### [SUPPLIED MATERIAL]
=== Section Start ===
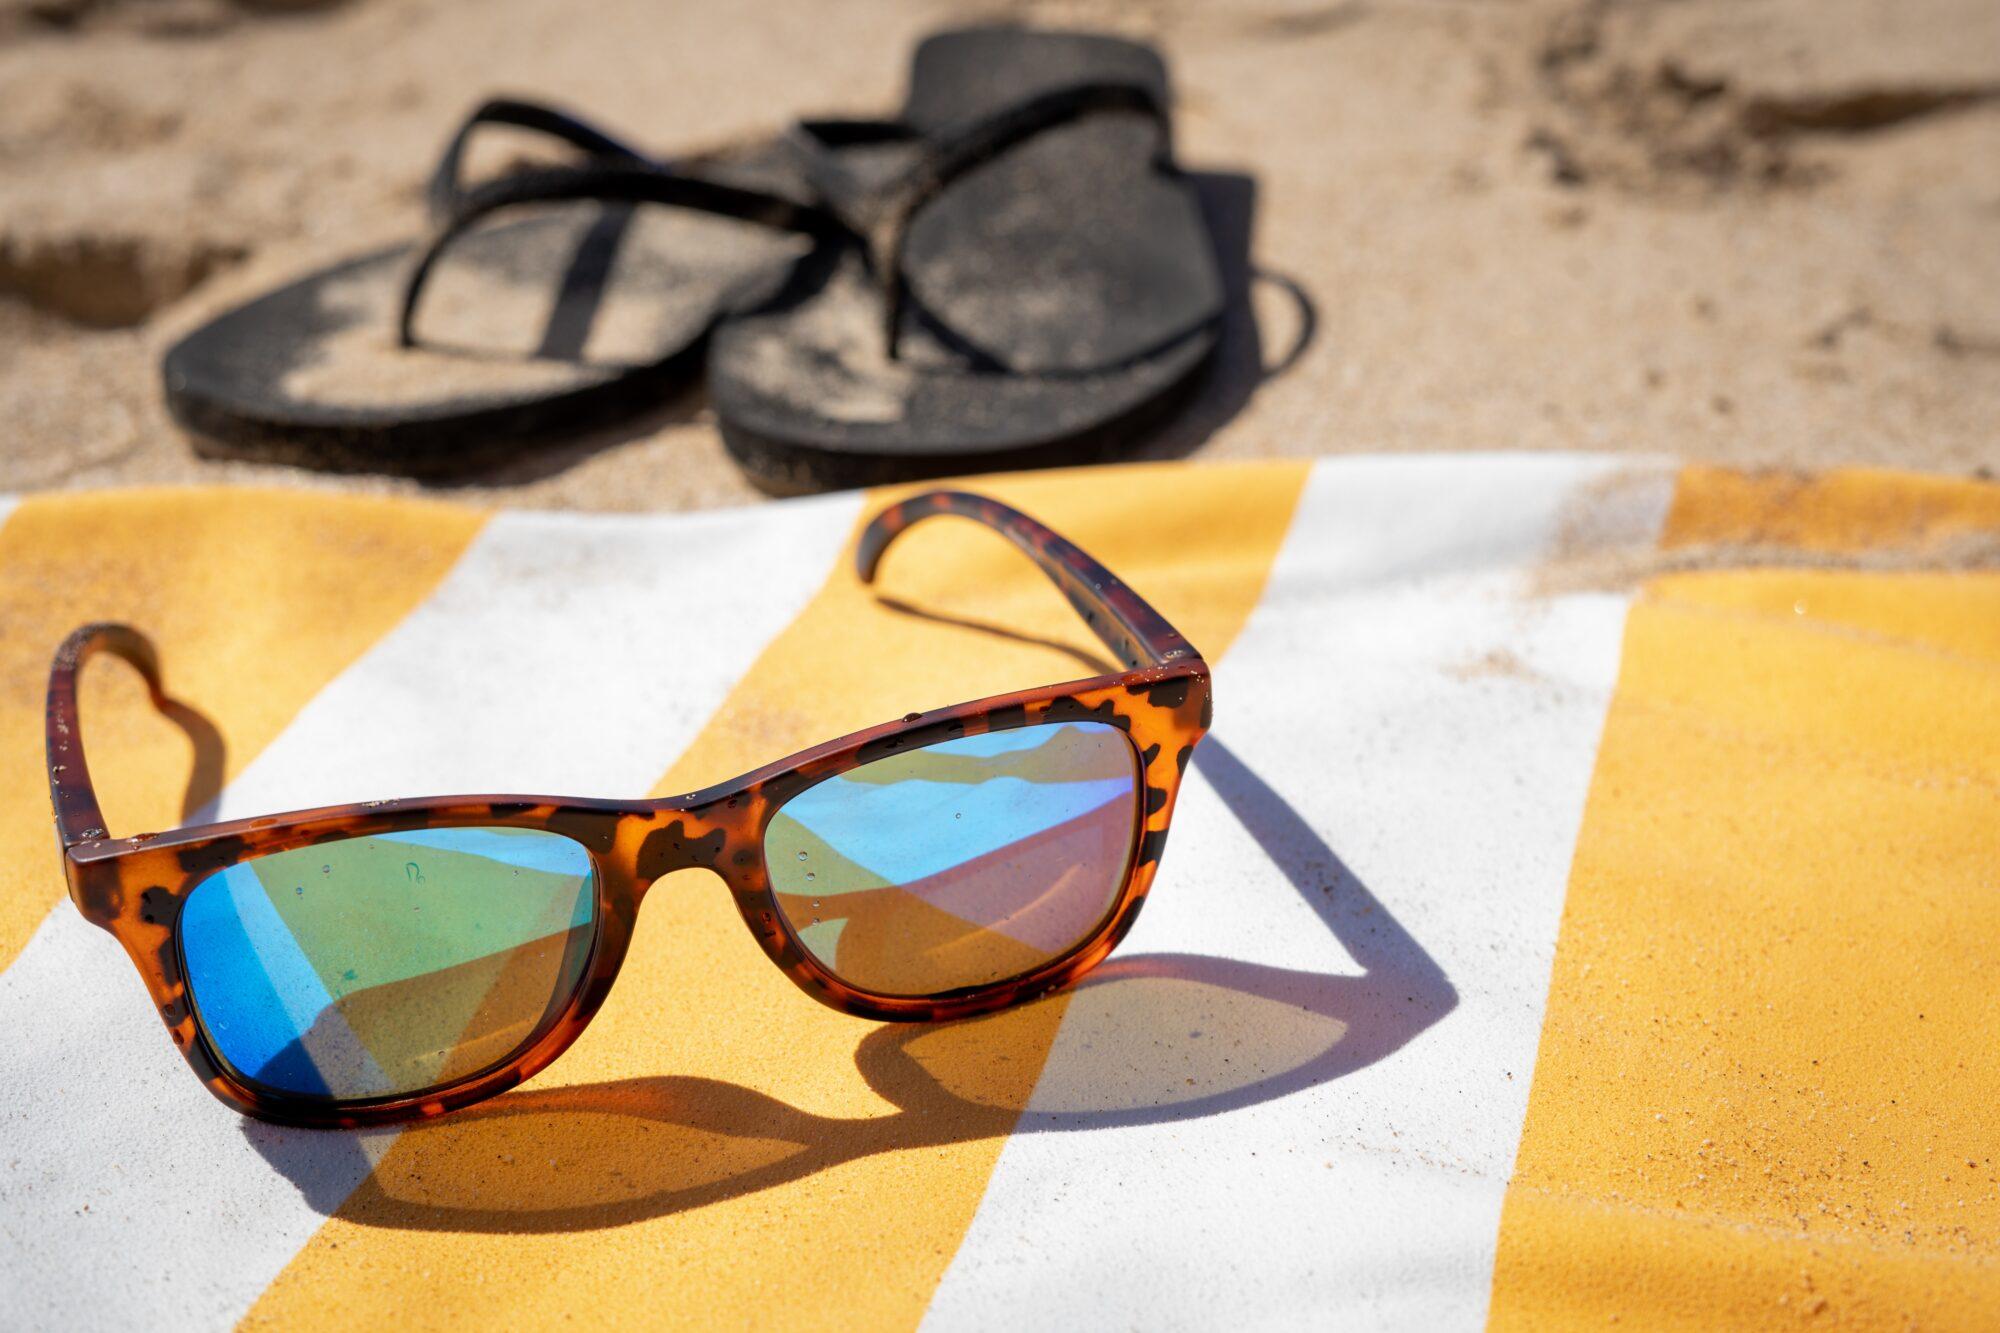 Bliv klar til ferie i syden med et lækkert beach towel
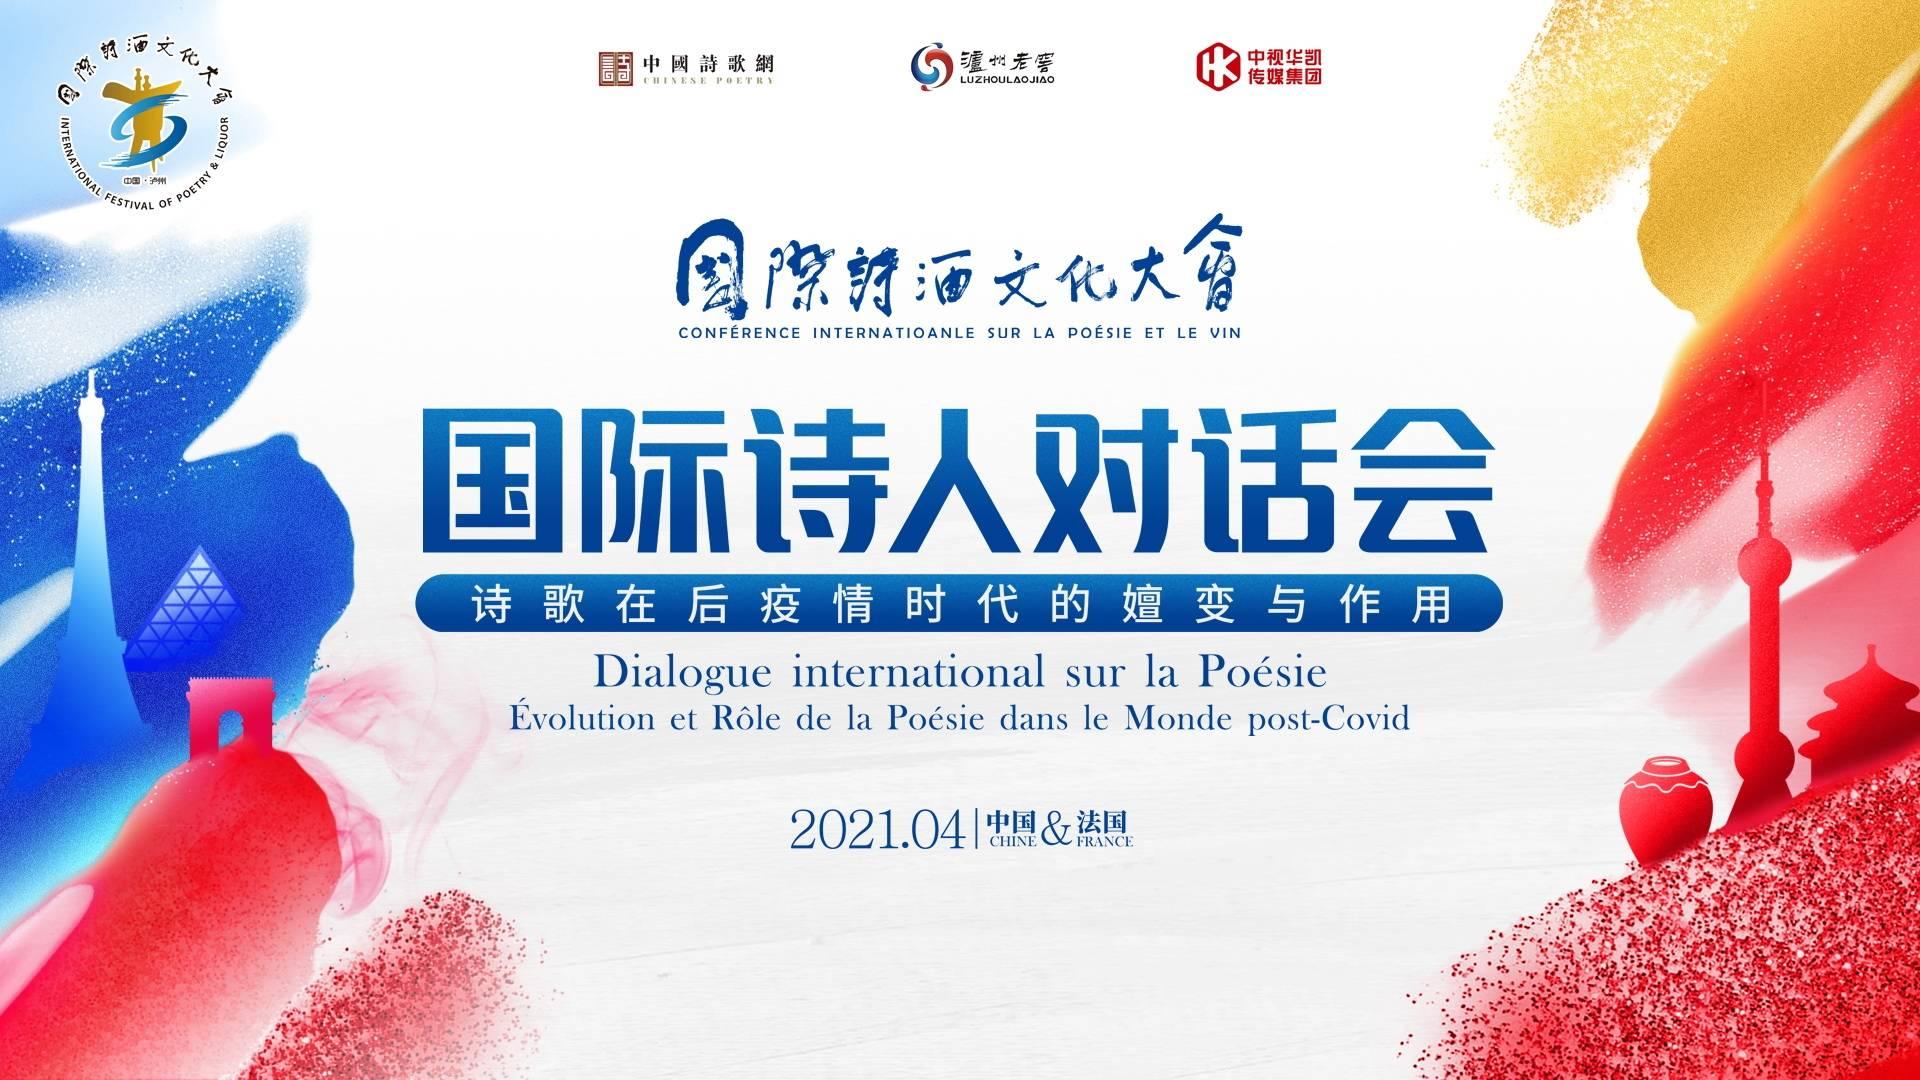 """""""国际诗人对话会""""即将举行 各国诗人探讨后疫情时代的诗歌精神"""
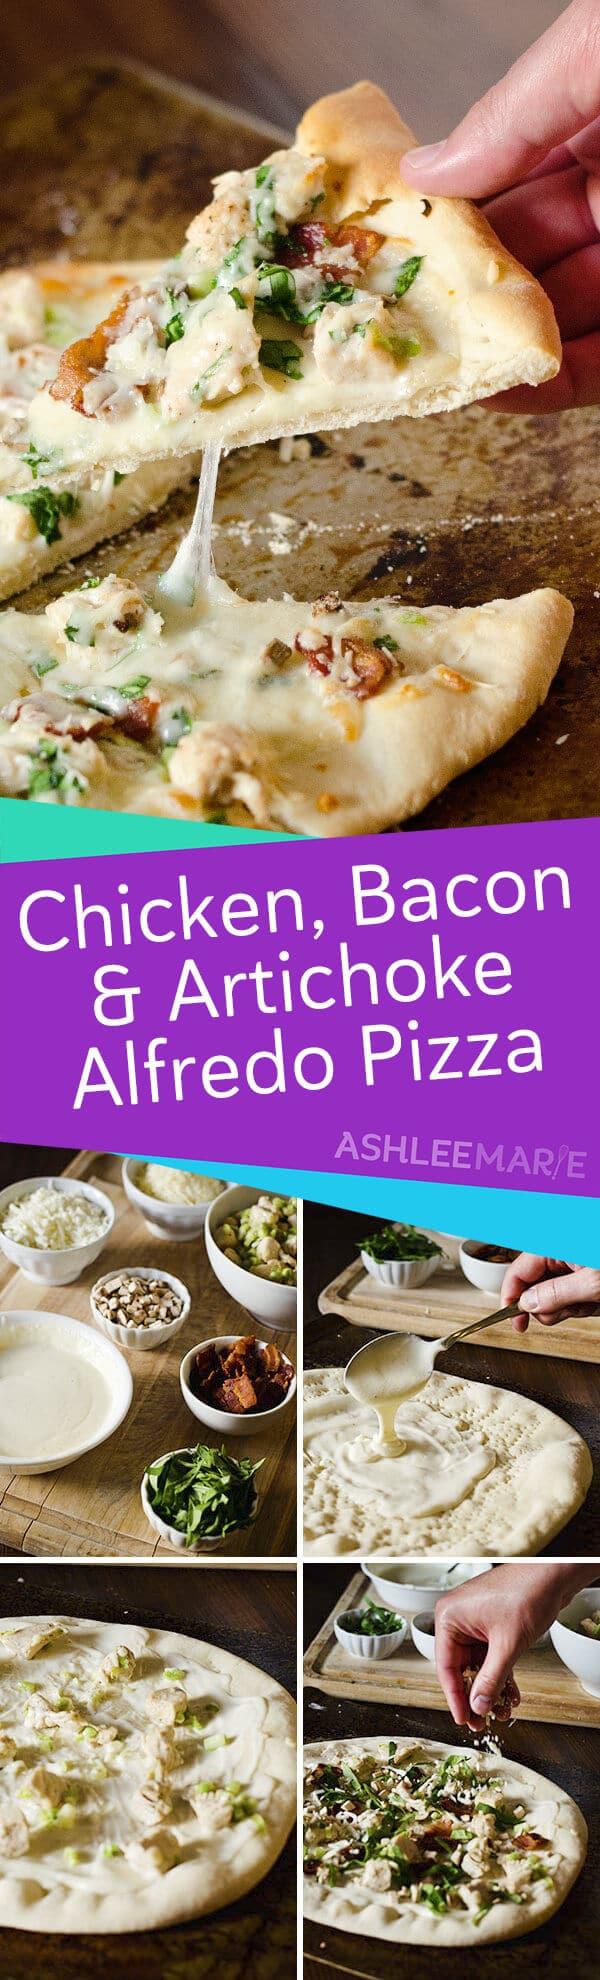 chicken bacon and artichoke alfredo pizza
=== Section End ===
### [TASK REQUIREMENTS]
Produce the full material again verbatim, with the pictures dropped.

### [SOLUTION TO THIS TASK]
 Bliv klar til ferie i syden med et lækkert beach towel
 """""""国际诗人对话会""""即将举行 各国诗人探讨后疫情时代的诗歌精神"""
 chicken bacon and artichoke alfredo pizza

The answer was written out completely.